Dataset records
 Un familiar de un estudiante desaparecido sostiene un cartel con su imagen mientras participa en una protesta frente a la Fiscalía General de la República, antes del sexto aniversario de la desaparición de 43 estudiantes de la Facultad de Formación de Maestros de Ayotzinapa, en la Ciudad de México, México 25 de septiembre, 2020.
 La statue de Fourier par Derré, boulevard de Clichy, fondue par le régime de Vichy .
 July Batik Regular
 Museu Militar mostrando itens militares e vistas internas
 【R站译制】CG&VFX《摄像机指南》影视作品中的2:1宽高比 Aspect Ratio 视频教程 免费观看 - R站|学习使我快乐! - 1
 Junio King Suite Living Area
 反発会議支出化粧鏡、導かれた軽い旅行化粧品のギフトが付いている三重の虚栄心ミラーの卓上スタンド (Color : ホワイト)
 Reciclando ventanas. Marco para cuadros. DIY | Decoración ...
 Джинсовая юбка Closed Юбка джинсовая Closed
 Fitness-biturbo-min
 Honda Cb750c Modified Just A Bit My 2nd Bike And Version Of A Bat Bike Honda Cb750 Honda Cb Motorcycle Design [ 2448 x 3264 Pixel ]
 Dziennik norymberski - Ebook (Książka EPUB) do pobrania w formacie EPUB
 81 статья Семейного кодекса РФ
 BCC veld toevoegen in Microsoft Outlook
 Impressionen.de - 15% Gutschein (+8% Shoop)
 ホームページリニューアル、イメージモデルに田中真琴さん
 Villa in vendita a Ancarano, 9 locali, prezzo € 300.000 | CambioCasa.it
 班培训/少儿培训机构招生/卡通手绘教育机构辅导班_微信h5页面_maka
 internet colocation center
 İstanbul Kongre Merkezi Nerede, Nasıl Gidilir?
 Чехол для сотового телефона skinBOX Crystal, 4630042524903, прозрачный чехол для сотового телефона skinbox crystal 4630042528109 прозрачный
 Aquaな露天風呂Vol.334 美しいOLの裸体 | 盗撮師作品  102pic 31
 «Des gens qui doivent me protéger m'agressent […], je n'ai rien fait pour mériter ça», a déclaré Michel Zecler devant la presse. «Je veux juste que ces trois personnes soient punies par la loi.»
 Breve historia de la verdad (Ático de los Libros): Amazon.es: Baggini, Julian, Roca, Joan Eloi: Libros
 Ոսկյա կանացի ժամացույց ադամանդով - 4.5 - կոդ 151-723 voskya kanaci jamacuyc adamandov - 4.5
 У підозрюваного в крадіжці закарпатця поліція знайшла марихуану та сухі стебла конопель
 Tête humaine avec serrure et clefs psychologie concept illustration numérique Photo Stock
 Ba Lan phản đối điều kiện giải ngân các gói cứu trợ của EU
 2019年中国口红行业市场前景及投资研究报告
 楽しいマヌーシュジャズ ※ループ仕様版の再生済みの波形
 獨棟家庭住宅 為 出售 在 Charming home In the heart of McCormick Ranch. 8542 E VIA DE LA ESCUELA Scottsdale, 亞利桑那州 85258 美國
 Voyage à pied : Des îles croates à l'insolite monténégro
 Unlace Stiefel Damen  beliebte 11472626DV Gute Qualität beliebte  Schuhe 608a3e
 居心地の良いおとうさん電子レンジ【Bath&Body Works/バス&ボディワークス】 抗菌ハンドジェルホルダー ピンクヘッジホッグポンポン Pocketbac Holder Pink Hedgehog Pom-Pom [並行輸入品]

> **TASK OBJECTIVE**
Retype every record exactly, omitting nothing.

> **RESULT**
 Un familiar de un estudiante desaparecido sostiene un cartel con su imagen mientras participa en una protesta frente a la Fiscalía General de la República, antes del sexto aniversario de la desaparición de 43 estudiantes de la Facultad de Formación de Maestros de Ayotzinapa, en la Ciudad de México, México 25 de septiembre, 2020.
 La statue de Fourier par Derré, boulevard de Clichy, fondue par le régime de Vichy .
 July Batik Regular
 Museu Militar mostrando itens militares e vistas internas
 【R站译制】CG&VFX《摄像机指南》影视作品中的2:1宽高比 Aspect Ratio 视频教程 免费观看 - R站|学习使我快乐! - 1
 Junio King Suite Living Area
 反発会議支出化粧鏡、導かれた軽い旅行化粧品のギフトが付いている三重の虚栄心ミラーの卓上スタンド (Color : ホワイト)
 Reciclando ventanas. Marco para cuadros. DIY | Decoración ...
 Джинсовая юбка Closed Юбка джинсовая Closed
 Fitness-biturbo-min
 Honda Cb750c Modified Just A Bit My 2nd Bike And Version Of A Bat Bike Honda Cb750 Honda Cb Motorcycle Design [ 2448 x 3264 Pixel ]
 Dziennik norymberski - Ebook (Książka EPUB) do pobrania w formacie EPUB
 81 статья Семейного кодекса РФ
 BCC veld toevoegen in Microsoft Outlook
 Impressionen.de - 15% Gutschein (+8% Shoop)
 ホームページリニューアル、イメージモデルに田中真琴さん
 Villa in vendita a Ancarano, 9 locali, prezzo € 300.000 | CambioCasa.it
 班培训/少儿培训机构招生/卡通手绘教育机构辅导班_微信h5页面_maka
 internet colocation center
 İstanbul Kongre Merkezi Nerede, Nasıl Gidilir?
 Чехол для сотового телефона skinBOX Crystal, 4630042524903, прозрачный чехол для сотового телефона skinbox crystal 4630042528109 прозрачный
 Aquaな露天風呂Vol.334 美しいOLの裸体 | 盗撮師作品  102pic 31
 «Des gens qui doivent me protéger m'agressent […], je n'ai rien fait pour mériter ça», a déclaré Michel Zecler devant la presse. «Je veux juste que ces trois personnes soient punies par la loi.»
 Breve historia de la verdad (Ático de los Libros): Amazon.es: Baggini, Julian, Roca, Joan Eloi: Libros
 Ոսկյա կանացի ժամացույց ադամանդով - 4.5 - կոդ 151-723 voskya kanaci jamacuyc adamandov - 4.5
 У підозрюваного в крадіжці закарпатця поліція знайшла марихуану та сухі стебла конопель
 Tête humaine avec serrure et clefs psychologie concept illustration numérique Photo Stock
 Ba Lan phản đối điều kiện giải ngân các gói cứu trợ của EU
 2019年中国口红行业市场前景及投资研究报告
 楽しいマヌーシュジャズ ※ループ仕様版の再生済みの波形
 獨棟家庭住宅 為 出售 在 Charming home In the heart of McCormick Ranch. 8542 E VIA DE LA ESCUELA Scottsdale, 亞利桑那州 85258 美國
 Voyage à pied : Des îles croates à l'insolite monténégro
 Unlace Stiefel Damen  beliebte 11472626DV Gute Qualität beliebte  Schuhe 608a3e
 居心地の良いおとうさん電子レンジ【Bath&Body Works/バス&ボディワークス】 抗菌ハンドジェルホルダー ピンクヘッジホッグポンポン Pocketbac Holder Pink Hedgehog Pom-Pom [並行輸入品]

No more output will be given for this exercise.